The same is true of numerous state-monopolies; from Gazprom in Russia, to Airbus in Europe.

CEOs may come and go, but the central philosophy that causes the incompetence, inefficiency and all-round uselessness in the first place, are left firmly untouched.

Cricket lends itself to match-fixing.  It is a slow, high-scoring game.  Decisions do not need to be made on a hair’s-breath.  If one player should play unusually well, or unusually badly, the result can still be tweaked through subtle changes in field placement, slowing down, or speeding up play.
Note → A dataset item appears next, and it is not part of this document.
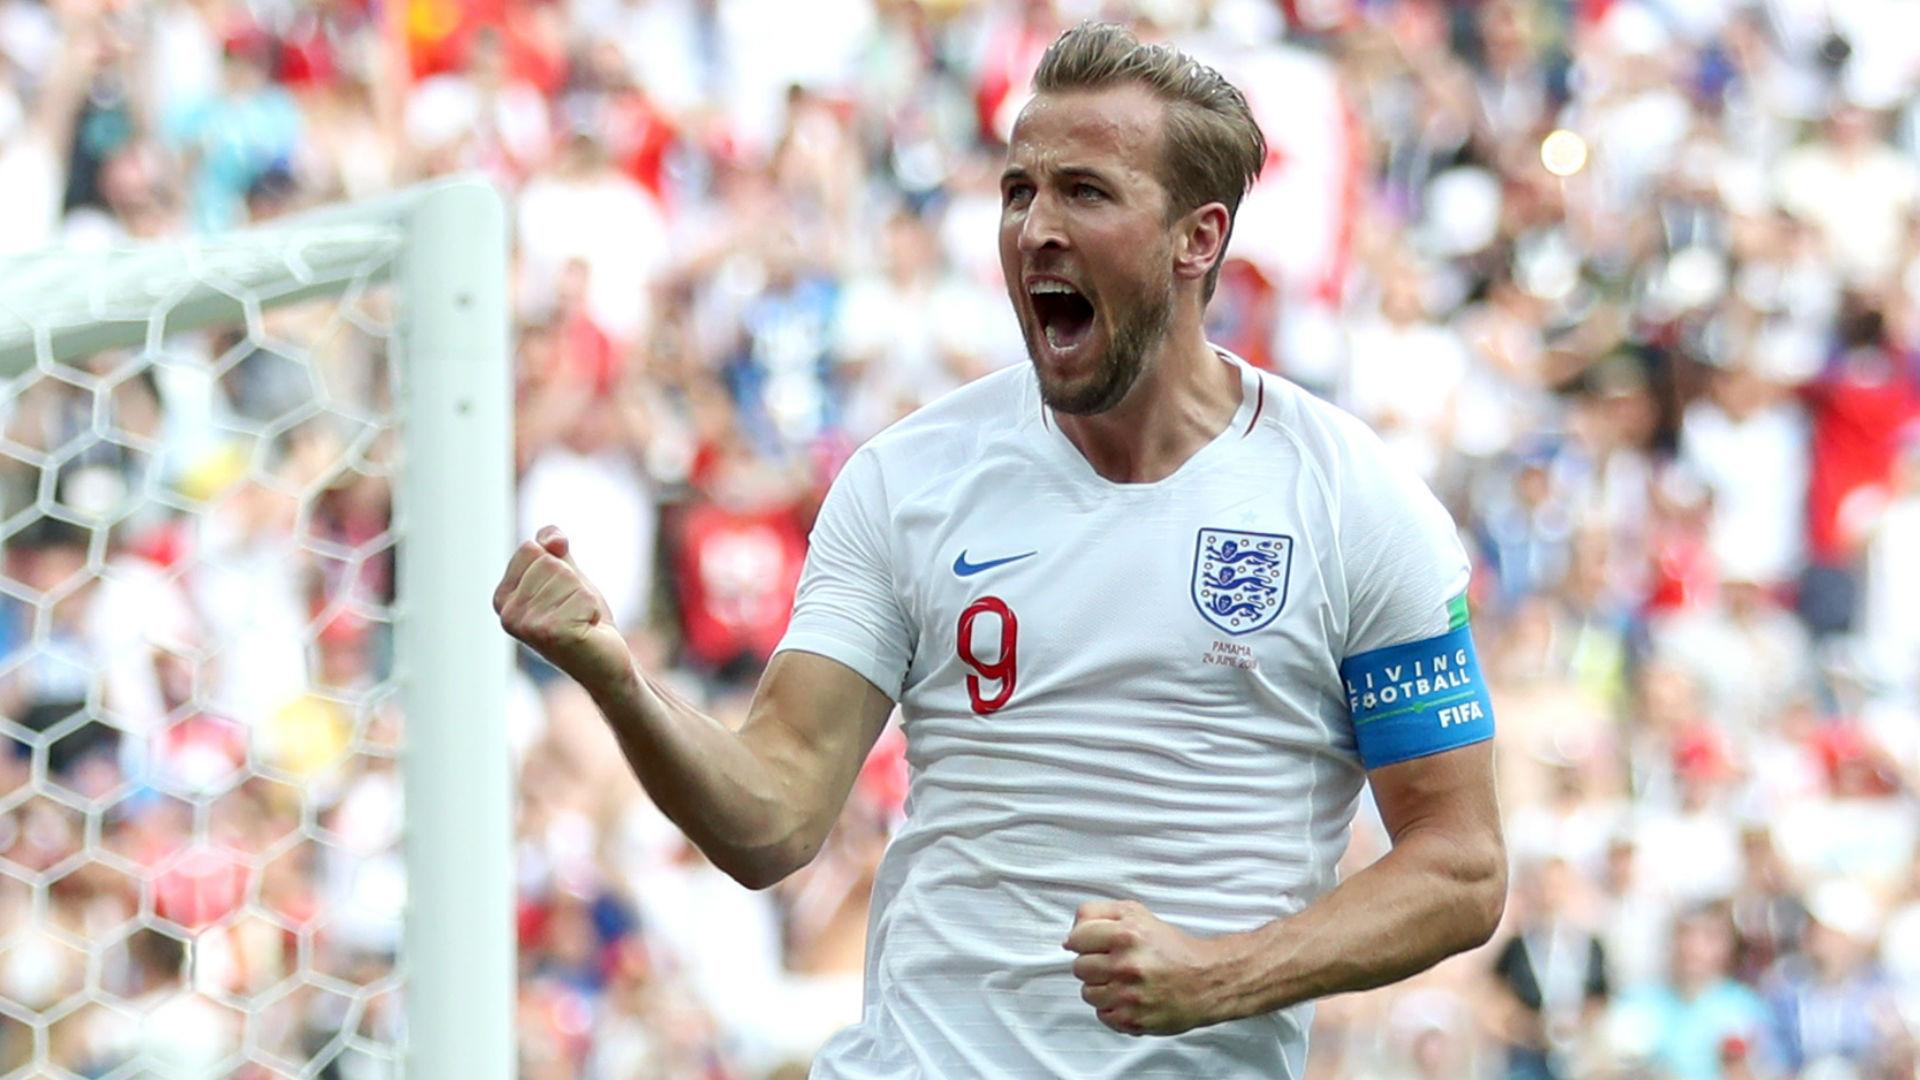 harry-kane-england-panama-world-cup-2018_1ldwpg7nssrxl1rddjy5s31r7x.jpg

I remember watching Hansie Cronje placing his fielders in international matches and being confused at some of the obvious holes he was leaving.  When fours were duly struck through those holes I was annoyed, but it never occurred to me that he was doing it deliberately.  More fool me when Cronje was caught out in a match fixing scandal and then, conveniently, died without ever naming any high-level accomplices.
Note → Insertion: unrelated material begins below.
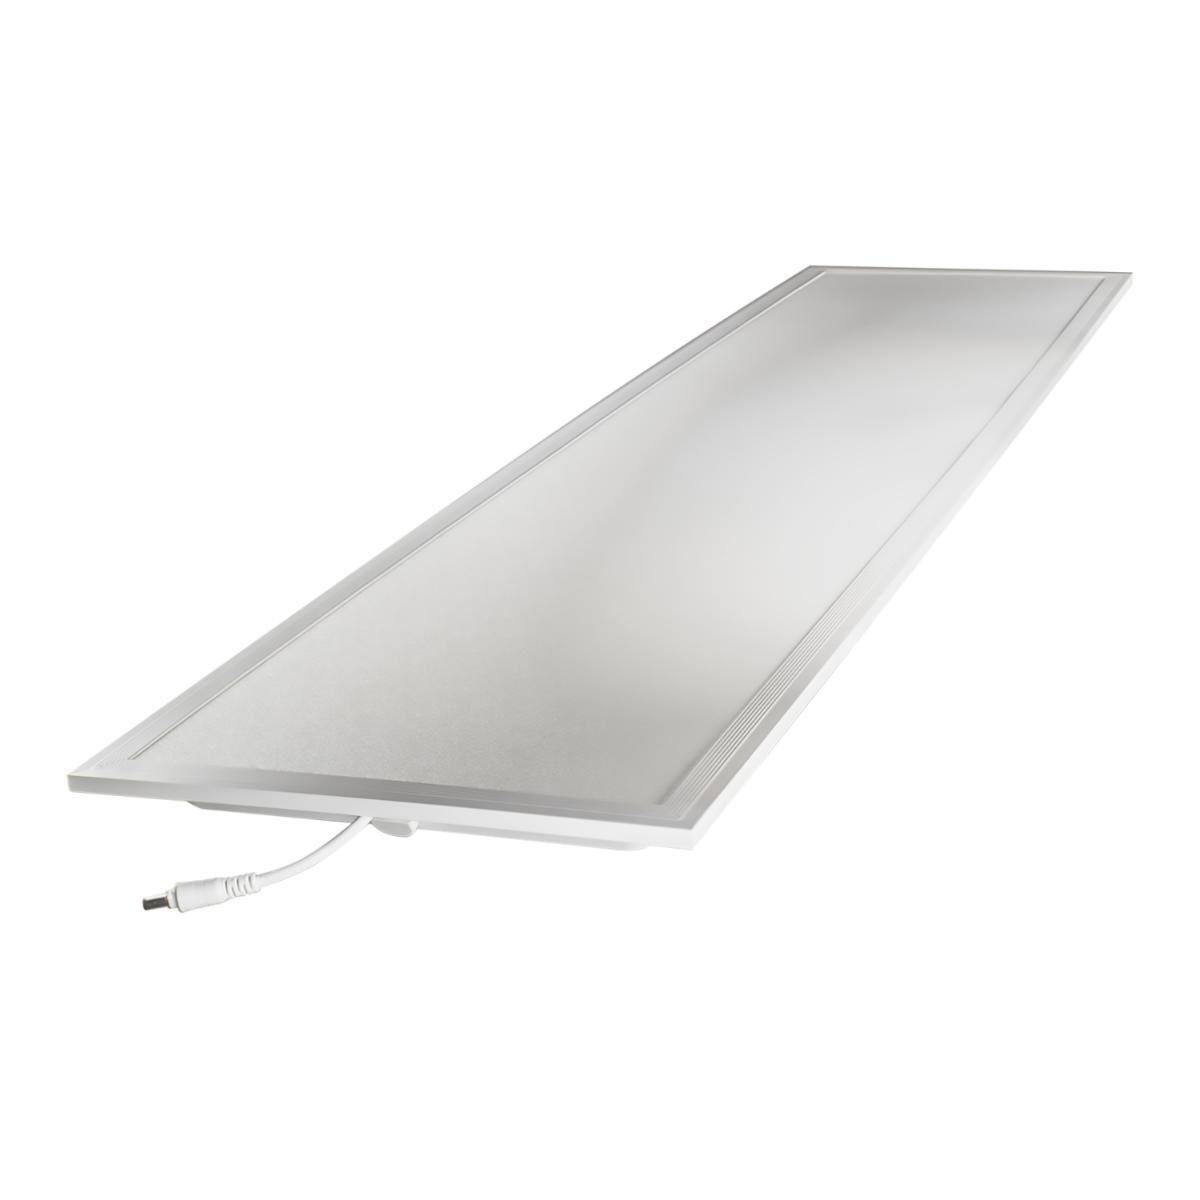 Noxion LED Panel Delta Pro V2.0 Xitanium DALI 30W 30x120cm 3000K 3960lm UGR <19 | Dali Dimbar - Varm Vit - Ersättare 2x36W

This column focuses on economic development.  Frequently we point out that, where the underlying framework of an economy is wrong, you cannot get economic growth, job creation and prosperity.  Cricket highlights the signal failures in economic policy.

Across the subcontinent, from Pakistan to India to Bangladesh to Sri Lanka, more than a billion people live and breathe this sport as their national game.  The players are heroes but without the financial glamour of footballers.  Billions of Dollars are bet on matches and bookies like to skew the odds in their favour.  Nothing can be simpler than to have a quiet chat with a few key players in a team; throw them some cash and ensure a result.

Steven Levitt, in his wry Freakonomics, convincingly demonstrated – using nothing but economics – how sumo matches are regularly rigged.  Horse-racing, where horses are more important than the faceless jockeys, is no less corrupt.

For cricket to regain a level of professionalism requires that the underlying problems be resolved.  National teams must be privatised.  Players should go where-ever they are paid the most.  Cricket should be modelled after the European football system.  

Otherwise cricket will come to look like another sport, long-since amusing and choreographed: professional wrestling.